As of May, 2013, investigators had registered more than 1000 systematic review protocols from 27 countries. The National Institutes for Health Research, UK, have mandated the registration of systematic reviews that they fund. The Canadian Institutes of Health Research are working on a similar policy initiative. Systematic Reviews, an open-access Medline-indexed journal, publishes systematic review protocols. Since launch in February, 2012, the journal has published 89 protocols (as of November, 2013). These initiatives will also enable researchers to periodically assess the association between review protocols and final publications.
For preclinical laboratory and animal studies, pre-specified protocols that are publicly deposited might also be desirable. Researchers who do this research have little experience of using protocols, and feasibility needs to be probed. Date-stamped study protocols—including a statement of purpose or the hypotheses to be tested, power calculations, methods for data collection, and a statistical analysis plan—could be made available to journal reviewers on request.
Options for improvement: use of information, and precision, power, and outcomes
Whenever appropriate, proposals for study funding should include realistic calculations of power or expected precision based on clinically relevant outcomes. Investigators designing clinical trials should consider pragmatic designs58,59 and patient-centred outcomes,60,61 which would be important to the end-users of the research (see also Chalmers and colleagues42 in this Series). When feasible, investigators might consider the value of information anticipated from the study in view of its anticipated cost.
Biobanks and clinical data registries are constructed to have several uses; some uses might be predicted and others will arise with emergence of new technologies and new questions of interest. Nevertheless, some rational design calculations (power or sample size, or precision) should be done, at least those based on uses foreseeable at the time the study was designed.62 Protocols should be written prospectively for studies on the basis of such data repositories. Translational research for new technologies (eg, the development of diagnostic tests from genomics) might benefit from value of information analysis because of rapidly evolving information and the inability to do randomised clinical trials in many cases. Formal methods of modelling have been suggested.63
For animal studies, effects of realistic treatment doses might be small, and therefore appropriately powered studies will have to be large. To increase the generalisability of findings, investigators should plan for heterogeneity in the circumstances of testing.64,65 For these large studies to be feasible, consideration should be given to the development of multicentre animal studies.66,67
Options for improvement: consideration of evidence
Researchers should anticipate evidence from continuing research when they design new studies. For example, investigators designing new randomised trials should consider previous trials and trials that are in progress to identify the most important remaining questions and comparisons.42,68 This awareness of all evidence44 might improve efficiency in use of resources and provide more informative results. Several specialties have been transformed by large-scale collaborative consortia of investigators working on the same subject, particularly human genome epidemiology.69,70 Large and inclusive consortia can have a more comprehensive view of what is already available or underway in the specialty through the enhancement of communication between investigators. New and interesting ideas can be proposed by individual investigators and then tested efficiently at the consortium level. Consortia have been particularly successful in situations in which there is consensus that maximisation of sample size is paramount, such as in genome-wide association studies.

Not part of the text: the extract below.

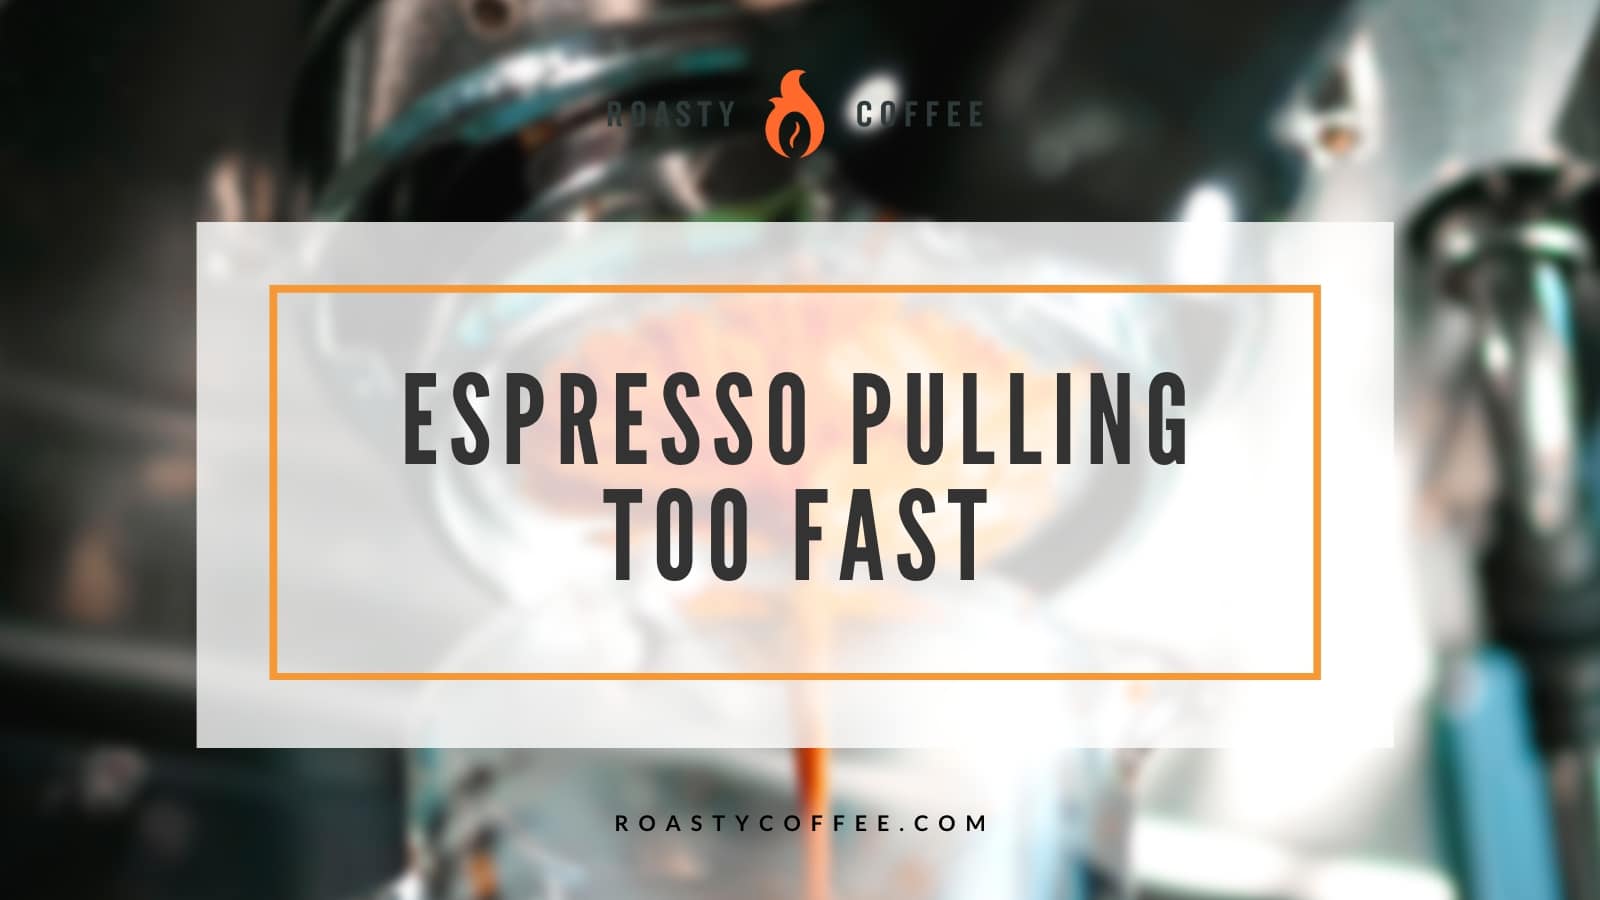 ¿Tu espresso se está preparando demasiado rápido? Aquí tienes una solución rápida y sencilla.
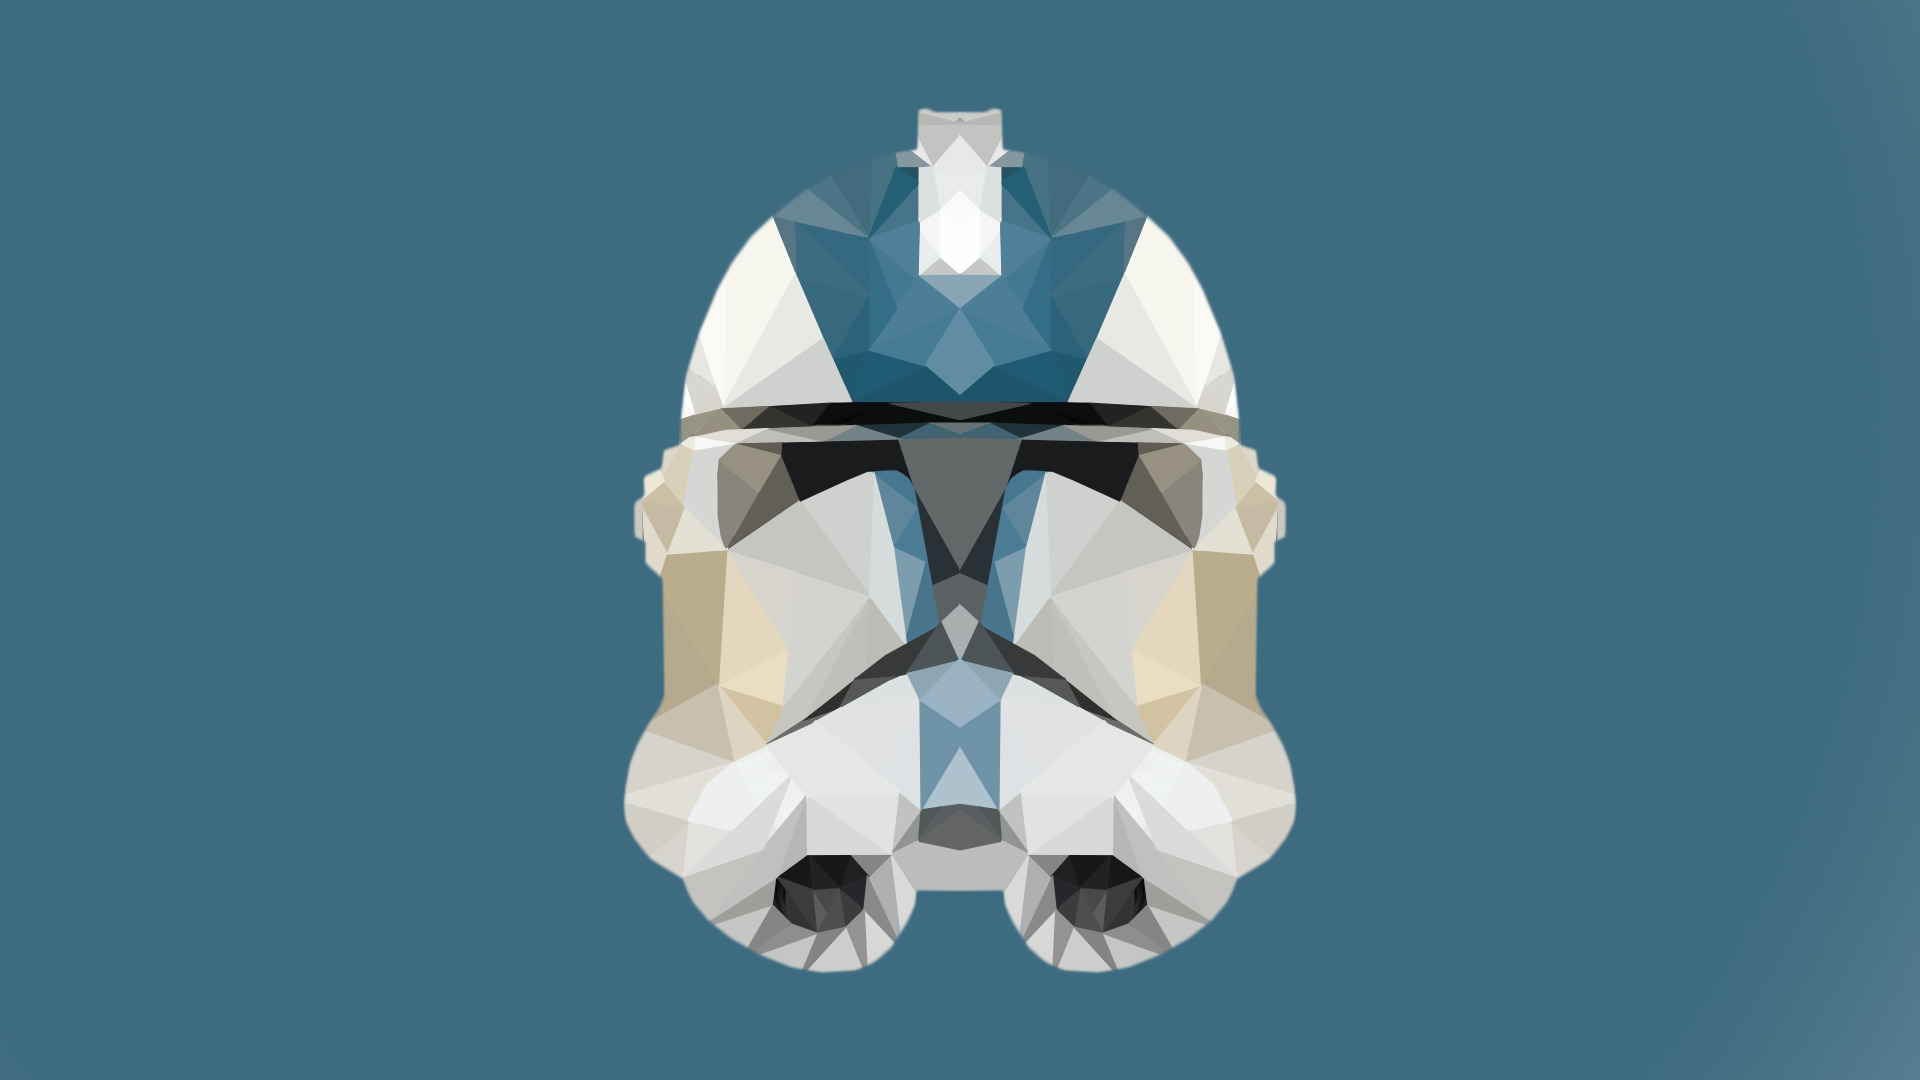 Star Wars, Stormtrooper, Minimalism, Simple Background, Simple

Options for improvement: standardisation of efforts
Full standardisation of definitions and analytical procedures could be feasible for new research efforts. For existing datasets and studies, harmonisation attempts to achieve some, but not necessarily perfect, homogeneity of definitions might need substantial effort and coordination.71 Large consortia and collaborations can allow the use of a common language among investigators for clinical definitions, laboratory measurements, and statistical analyses. Some specialties have improved and standardised their operating outcome definitions through international collaboration, both for clinical research (eg, OMERACT [Outcome Measures in Rheumatology] in rheumatic diseases) and for animal studies (eg, the European Mouse Phenotyping Resource of Standardised Screens). Different specialties face different challenges in the standardisation of analysis practices. For example, randomised clinical trials have a very long standing history and some methods are widely accepted as the standard—eg, the intention-to-treat principle, or use of Kaplan-Meier plots with the log-rank test. Deviations from these standards usually have to be explained. Conversely, in other specialties, many alternative methods exist, none with strong enough rationale to be preferred. Irrespective of which method is used, all results should be presented, not only the most interesting results (see Chan and colleagues24 in this Series).
Research workforce and stakeholders
Problems
Statistical methods can be complex, and continue to evolve in many specialties, particularly novel ones such as omics. However, statisticians and methodologists are only sporadically involved, often leading to flawed designs and analyses.72 Much flawed and irreproducible work has been published, even when only simple statistical tests are involved. Investigators of one study73 examined the use of Fisher’s exact test in 71 articles from six major medical journals. When a statistician was a member of the team, the test was used more appropriately than when one was not. Data that are multidimensional (ie, contain many features) are particularly at risk of false positives and overfitting, particularly when analysed by inexperienced or untrained analysts. Problems with statistical analysis might not be identified in peer review, especially when the report is not assessed by a statistician or methodologist.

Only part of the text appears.